Two Women Die at Texas Spas Under Anesthesiologist’s Supervision, License Temporarily Limited


The Texas Medical Board states that anesthesiologist Michael Patrick Gallagher, M.D., who has been connected to two fatalities at different Texas health spas, is still allowed to practice but is “restricted from supervision and delegation in all circumstances.”

According to a TMB news statement, the Board already limited Gallagher’s license on December 18, finding that the physician’s “continuation in the unrestricted practice of medicine poses a continuing threat to public welfare.”

“The temporary limitation is in effect until the Board takes additional action.”

Gallagher’s license was suspended in October following the passing of Fairfield resident Jenifer Cleveland, before the TMB’s judgment in December.

Cleveland, a 47-year-old mother of four, passed away in July at the Wortham-based Luxe Medical Spa following an IV vitamin infusion. At the time, Gallagher was the med spa’s director.

The proprietor of the spa, Amber Johnson, reportedly gave the IV instead of Gallagher since she lacked the necessary license. During the surgery, Cleveland stopped responding, so facility workers called 911. Cleveland was declared deceased at the medical facility.
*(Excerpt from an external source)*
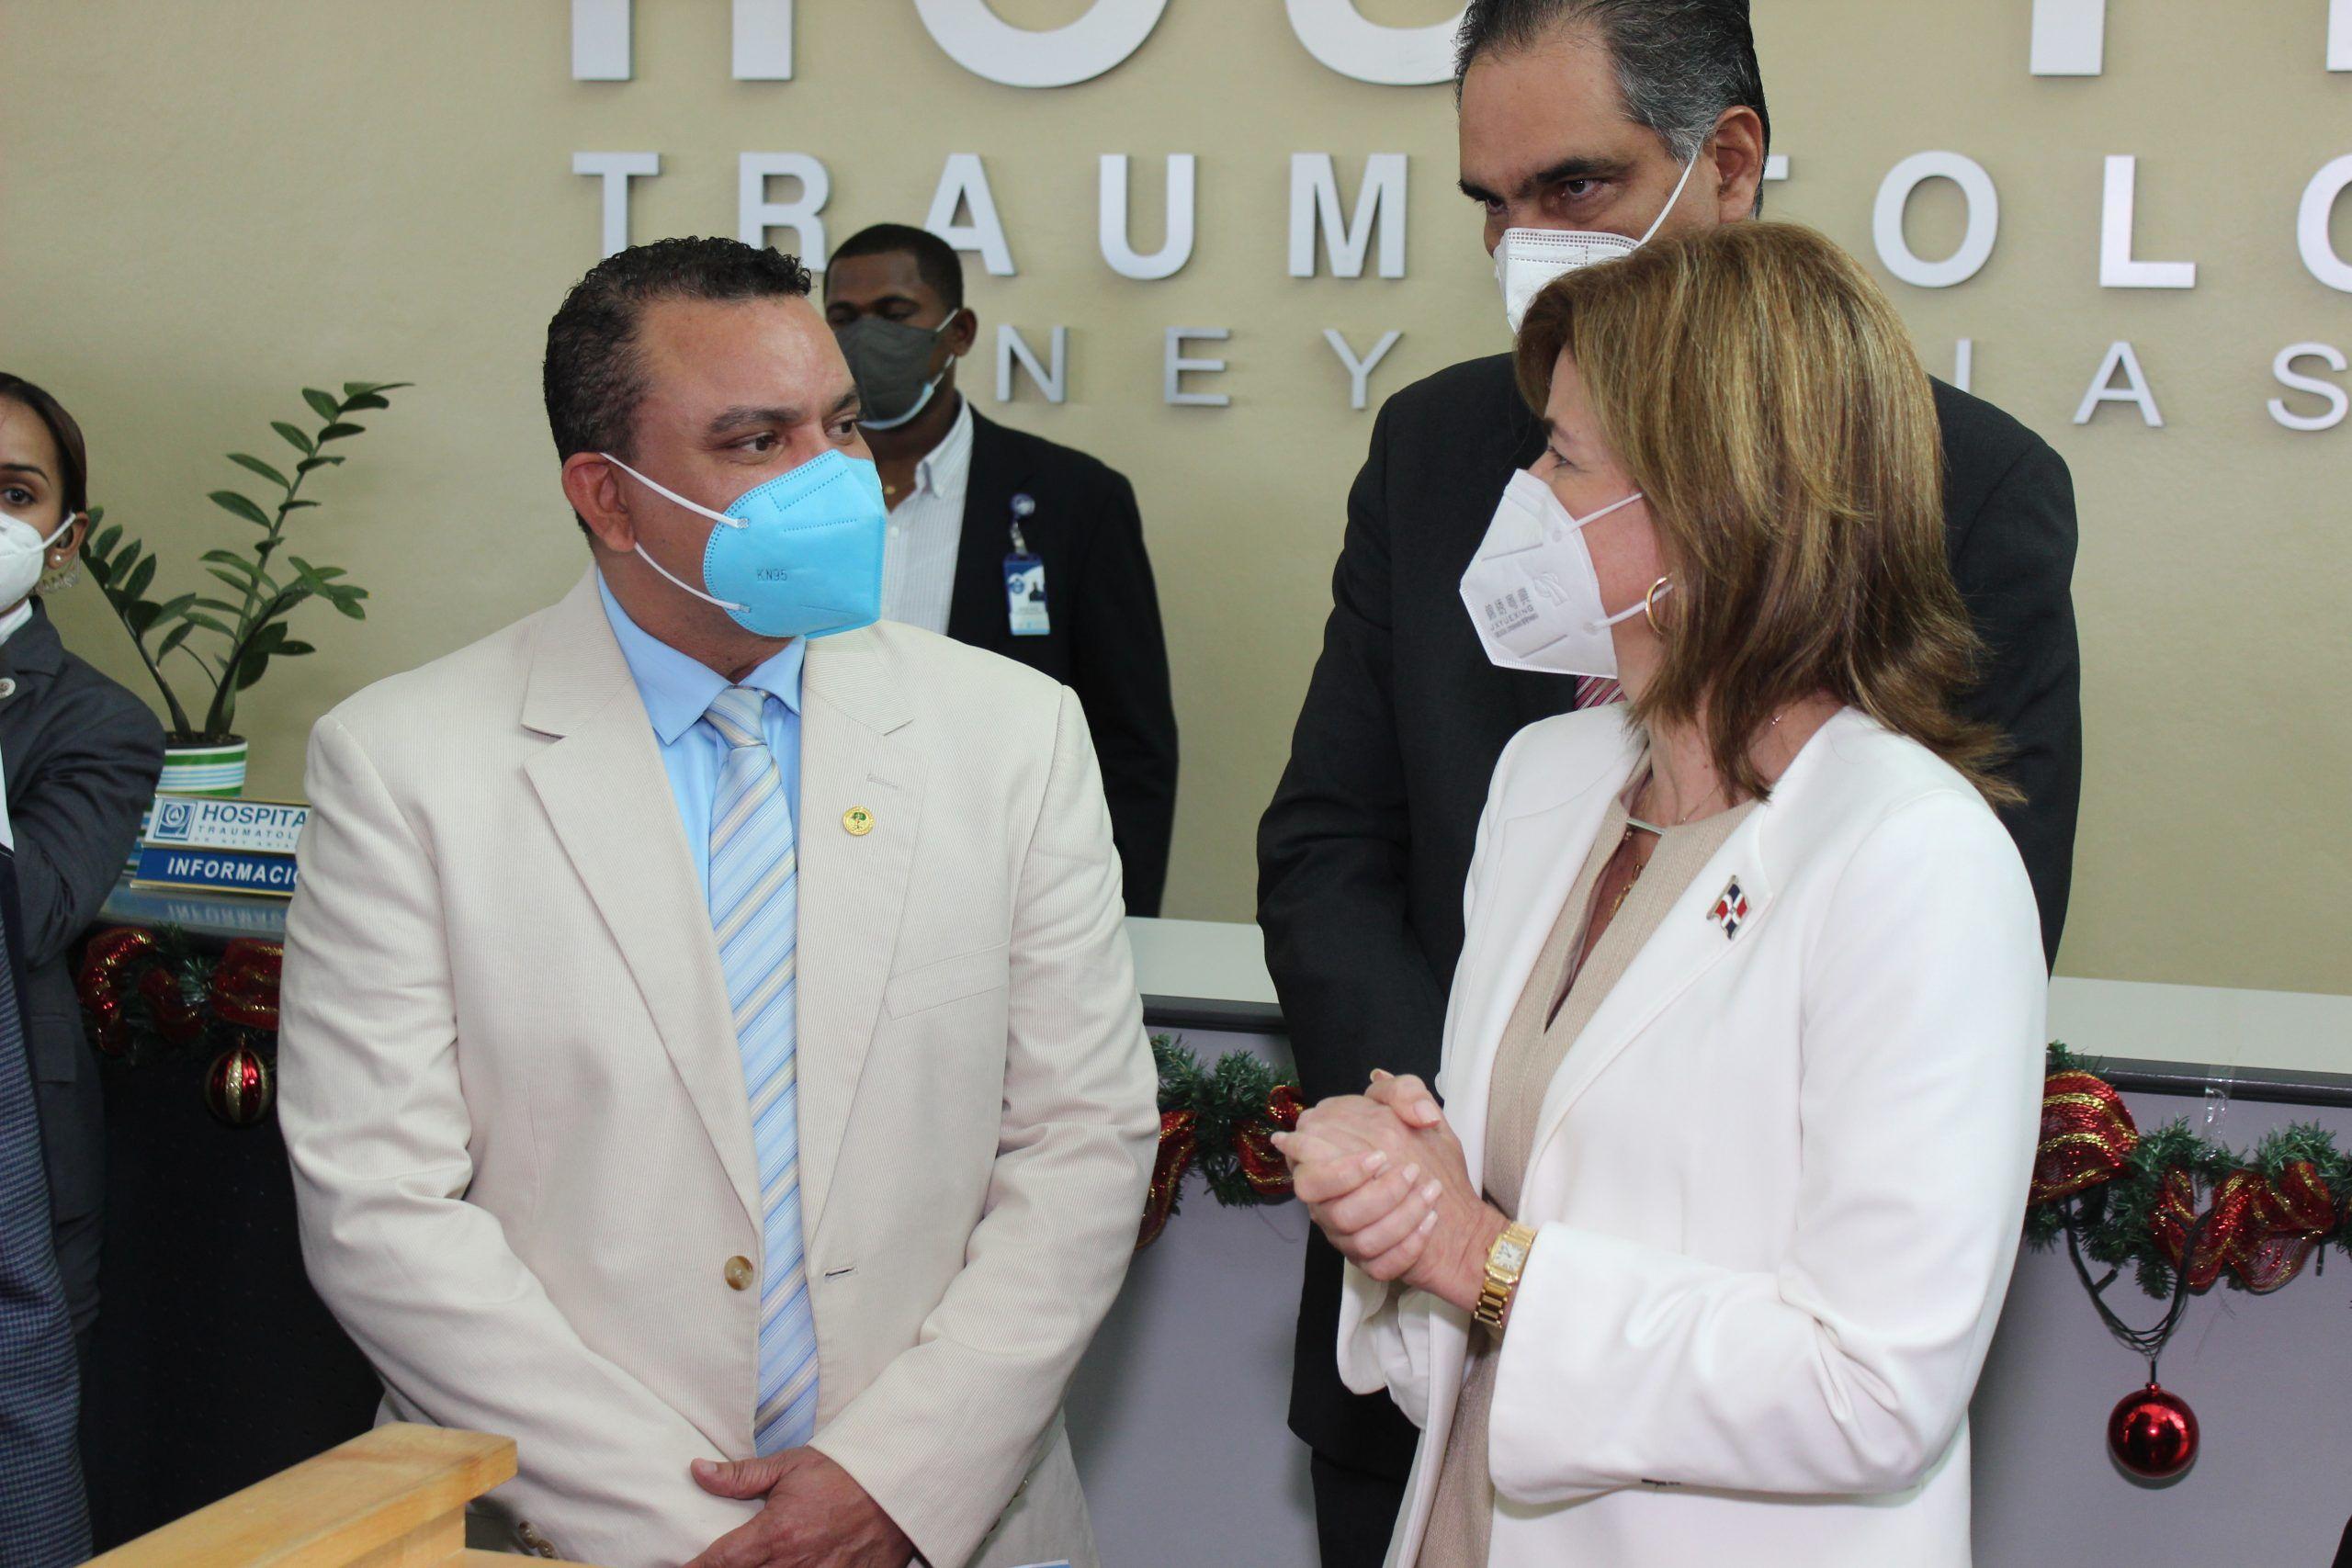 La vicepresidenta Raquel Peña, escuchó al director del hospital Traumatológico doctor Ney Arias Lora, doctor Julio Landrón, quien externó las principales necesidades que tiene el centro de salud en la actualidad.

Two Women Die at Texas Spas Under Anesthesiologist’s Supervision, License Temporarily Limited
Image by: KCEN TV

The license of Gallagher was revoked in October due to the passing of Jenifer Cleveland, a cherished staff member of the Fairfield, Texas-based KNES radio station.

Gallagher is said to have just attended the spa’s grand opening in May and not to have been there on that particular day.

Gallagher is also connected to the passing of Kimberly Ray, an Arlington resident, in 2021 at the Integrity Wellness Center in Coppell, where he was chief of anesthesiology before.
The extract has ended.